• ACTION ITEM: For this exercise, set down all the records exactly as given.

• DATA UNDER STUDY:

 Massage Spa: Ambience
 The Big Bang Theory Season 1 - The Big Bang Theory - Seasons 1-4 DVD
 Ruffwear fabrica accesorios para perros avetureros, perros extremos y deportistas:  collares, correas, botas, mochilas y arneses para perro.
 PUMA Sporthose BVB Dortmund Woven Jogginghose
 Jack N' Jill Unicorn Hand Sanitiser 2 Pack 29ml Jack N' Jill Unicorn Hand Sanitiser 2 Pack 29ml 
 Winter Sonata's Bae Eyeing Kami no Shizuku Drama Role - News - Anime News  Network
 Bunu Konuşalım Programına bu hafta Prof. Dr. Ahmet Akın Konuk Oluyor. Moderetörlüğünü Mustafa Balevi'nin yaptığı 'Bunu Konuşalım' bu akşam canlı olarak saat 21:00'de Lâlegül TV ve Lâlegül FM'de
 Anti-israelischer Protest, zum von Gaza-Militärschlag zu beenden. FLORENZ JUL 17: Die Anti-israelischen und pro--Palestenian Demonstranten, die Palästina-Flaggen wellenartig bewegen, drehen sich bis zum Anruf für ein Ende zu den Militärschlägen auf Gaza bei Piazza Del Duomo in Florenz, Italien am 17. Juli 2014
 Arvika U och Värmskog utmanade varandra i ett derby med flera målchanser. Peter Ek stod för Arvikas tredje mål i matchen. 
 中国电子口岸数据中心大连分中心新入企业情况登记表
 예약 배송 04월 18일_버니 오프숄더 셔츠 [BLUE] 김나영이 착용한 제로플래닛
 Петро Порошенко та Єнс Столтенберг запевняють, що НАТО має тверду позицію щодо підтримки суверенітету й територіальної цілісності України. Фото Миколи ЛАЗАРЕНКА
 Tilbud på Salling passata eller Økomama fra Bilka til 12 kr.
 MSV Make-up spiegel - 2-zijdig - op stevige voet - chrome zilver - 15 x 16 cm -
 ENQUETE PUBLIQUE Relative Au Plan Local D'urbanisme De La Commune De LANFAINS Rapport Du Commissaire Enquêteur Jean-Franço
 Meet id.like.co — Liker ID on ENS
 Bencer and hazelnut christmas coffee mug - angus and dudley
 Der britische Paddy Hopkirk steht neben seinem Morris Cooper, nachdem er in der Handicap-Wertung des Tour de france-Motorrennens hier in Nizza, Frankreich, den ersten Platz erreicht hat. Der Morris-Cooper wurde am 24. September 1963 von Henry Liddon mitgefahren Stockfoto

• COMPLETED EXERCISE:
 Massage Spa: Ambience
 The Big Bang Theory Season 1 - The Big Bang Theory - Seasons 1-4 DVD
 Ruffwear fabrica accesorios para perros avetureros, perros extremos y deportistas:  collares, correas, botas, mochilas y arneses para perro.
 PUMA Sporthose BVB Dortmund Woven Jogginghose
 Jack N' Jill Unicorn Hand Sanitiser 2 Pack 29ml Jack N' Jill Unicorn Hand Sanitiser 2 Pack 29ml 
 Winter Sonata's Bae Eyeing Kami no Shizuku Drama Role - News - Anime News  Network
 Bunu Konuşalım Programına bu hafta Prof. Dr. Ahmet Akın Konuk Oluyor. Moderetörlüğünü Mustafa Balevi'nin yaptığı 'Bunu Konuşalım' bu akşam canlı olarak saat 21:00'de Lâlegül TV ve Lâlegül FM'de
 Anti-israelischer Protest, zum von Gaza-Militärschlag zu beenden. FLORENZ JUL 17: Die Anti-israelischen und pro--Palestenian Demonstranten, die Palästina-Flaggen wellenartig bewegen, drehen sich bis zum Anruf für ein Ende zu den Militärschlägen auf Gaza bei Piazza Del Duomo in Florenz, Italien am 17. Juli 2014
 Arvika U och Värmskog utmanade varandra i ett derby med flera målchanser. Peter Ek stod för Arvikas tredje mål i matchen. 
 中国电子口岸数据中心大连分中心新入企业情况登记表
 예약 배송 04월 18일_버니 오프숄더 셔츠 [BLUE] 김나영이 착용한 제로플래닛
 Петро Порошенко та Єнс Столтенберг запевняють, що НАТО має тверду позицію щодо підтримки суверенітету й територіальної цілісності України. Фото Миколи ЛАЗАРЕНКА
 Tilbud på Salling passata eller Økomama fra Bilka til 12 kr.
 MSV Make-up spiegel - 2-zijdig - op stevige voet - chrome zilver - 15 x 16 cm -
 ENQUETE PUBLIQUE Relative Au Plan Local D'urbanisme De La Commune De LANFAINS Rapport Du Commissaire Enquêteur Jean-Franço
 Meet id.like.co — Liker ID on ENS
 Bencer and hazelnut christmas coffee mug - angus and dudley
 Der britische Paddy Hopkirk steht neben seinem Morris Cooper, nachdem er in der Handicap-Wertung des Tour de france-Motorrennens hier in Nizza, Frankreich, den ersten Platz erreicht hat. Der Morris-Cooper wurde am 24. September 1963 von Henry Liddon mitgefahren Stockfoto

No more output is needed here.